This discussion of homosexuality has not been one of those times.

I'm not quite sure why this topic has elicited so many responses both here on this blog and on my Facebook account. II don't know if it's the politically charged nature of the topic. I don't know if it's because people very strongly about this issue, one way or the other. I don't know if the topic strikes a nerve because churches are facing it more and more. I think it's probably a combination of all of those.

What I am absolutely certain about is this: homosexuality will become a major issue in our churches, if it hasn't already become one. So how should the church respond to the issue? It can ignore it, which many churches choose to do. Don't talk about it. Don't mention it. Don't approach the subject. It's uncomfortable. Political. Emotional. Murky. Divisive. Confusing. Polarizing. Distracting.

Or the church can respond in a legalistic, speak-the-truth-and-let-love-come-later-after-they-repent stance. You've probably seen elements of that in the media as news reels show people picketing with signs that say, "God hates fags." Unfortunately, most people involved in the gay lifestyle that I've met expect, fear, or have encountered this response. In fact, I had a conversation with a woman the other day who told me that exact thing. She said, "I was worried that if I told you, you would judge me."

Where is the middle ground? How can we as followers of Jesus continue to hold to our biblical beliefs and yet address homosexuality? The truth is that there aren't any easy answers. There isn't a cut-and-dried five-step method for talking with people who are struggling with (or who are comfortable with) same-gender feelings or lifestyles.
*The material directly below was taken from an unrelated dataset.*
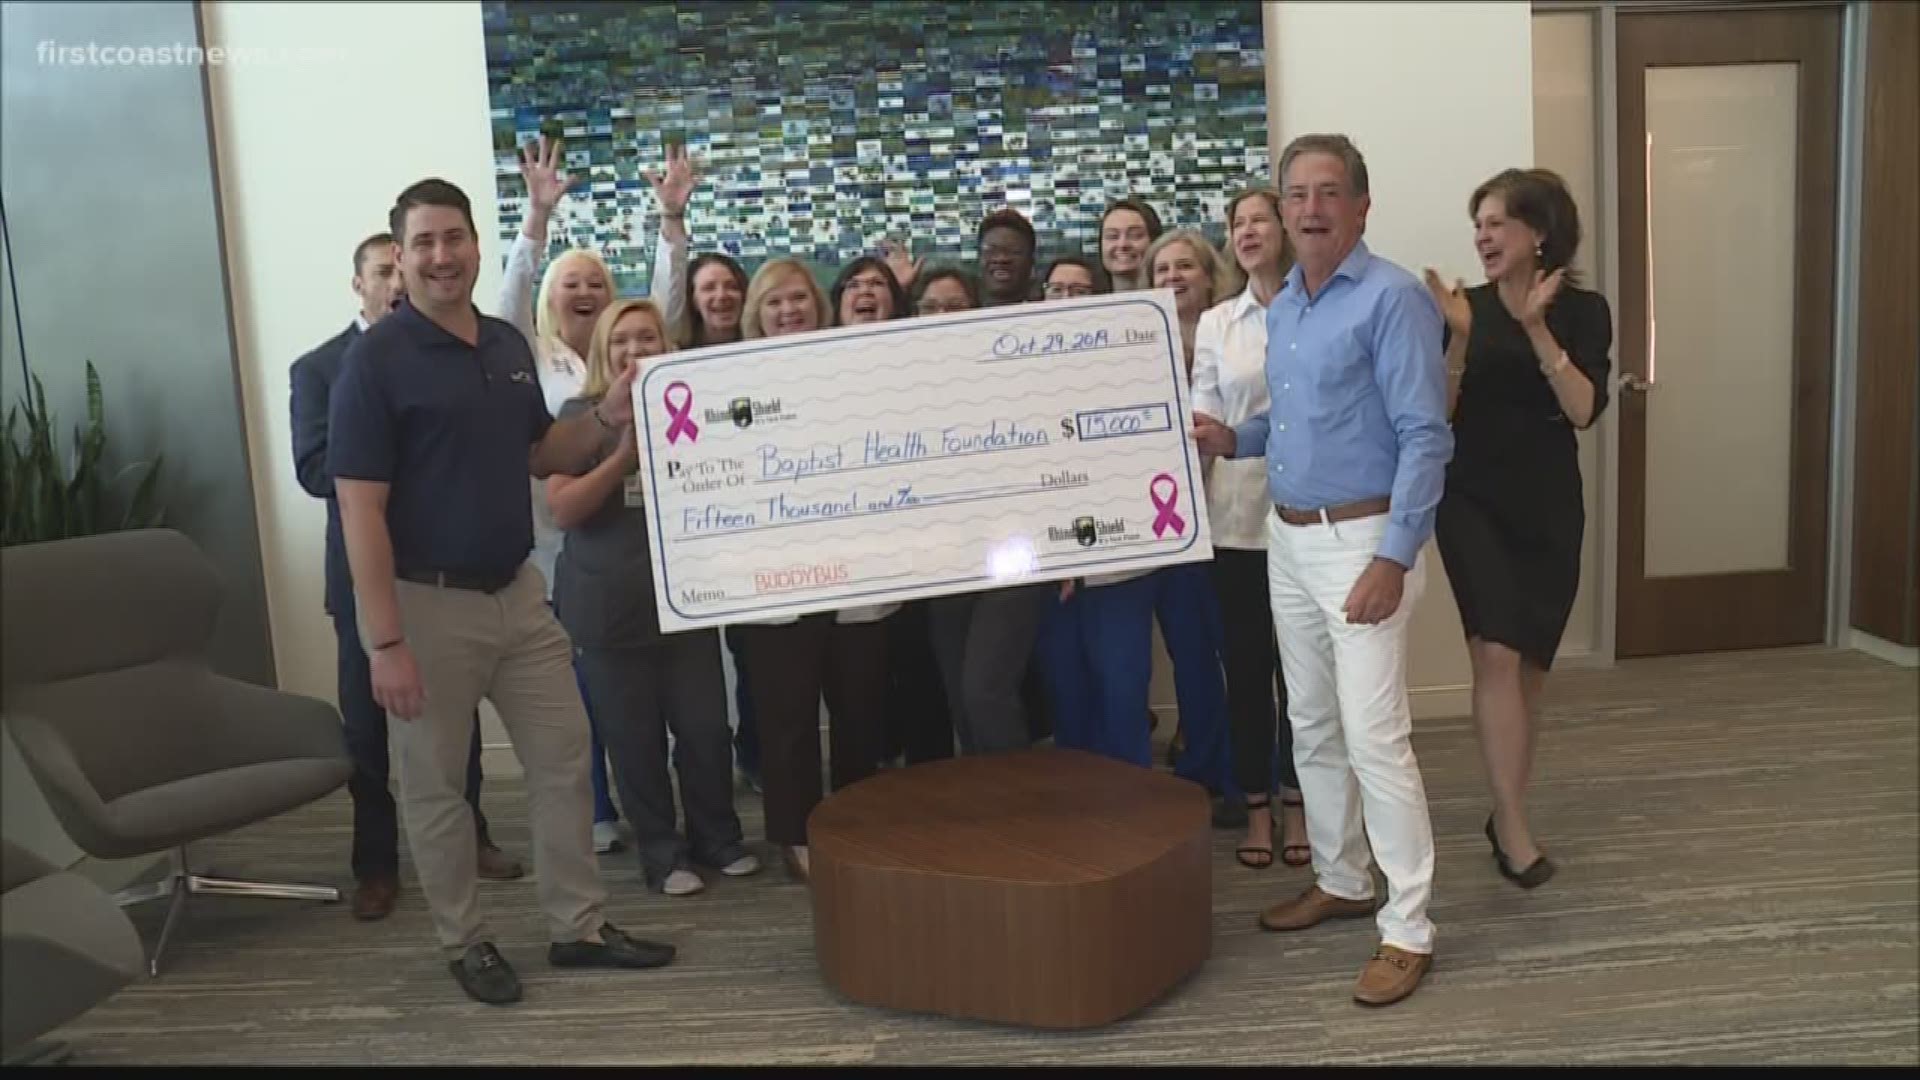 Rhino Shield stepped up in early October and promised to help raise funds to purchase the Buddy Bus, a mobile mammography unit for six local counties.

What I can suggest are some principles that will help you as you try to wrestle with how to approach this subject in your church or in your small group:

1. Check your own attitudes. If you were to be totally honest, how do you feel about homosexuals? Are you afraid of talking with them? Why? What prejudices do you have about people who are attracted to those of the same gender? The first step in addressing this issue is to evaluate your own attitudes, prejudices, misconceptions, and even sinful thoughts about homosexuals.

2. Check your language. Hang out with teenagers long enough, and you're bound to hear the statement (or something like it): "That's so gay" or "You're such a fag." It's commonly used to indicate that something is lame or stupid. But for a person struggling with homosexuality, it's just another way of feeling isolated and shamed and hated. Make it clear to your students that such language is off-limits in your group, just like foul language or language that puts others down.

3. Close the sin gap. We as human beings like to classify sins. We like to think that some sins are worse than others, and as long as we're not involved in "those things", then we're OK. It's OK to tell a white lie, but it's not OK to lie to your spouse about who you were talking to online. It's not OK to cheat on your tithe, but it's OK to cheat on your taxes. It's OK to have temptations about sexual purity, but it's not OK to be tempted by someone of the same gender. It's OK to be obese and not take care of your body, but it's not OK to be anorexic. Get the point? The truth is that sin is sin. There's no sin that makes me more acceptable in God's eyes and no sin that makes me less forgiven by His grace. For all the campaigns and marches against homosexuality, I've yet to hear people raise a ruckus about being gluttons.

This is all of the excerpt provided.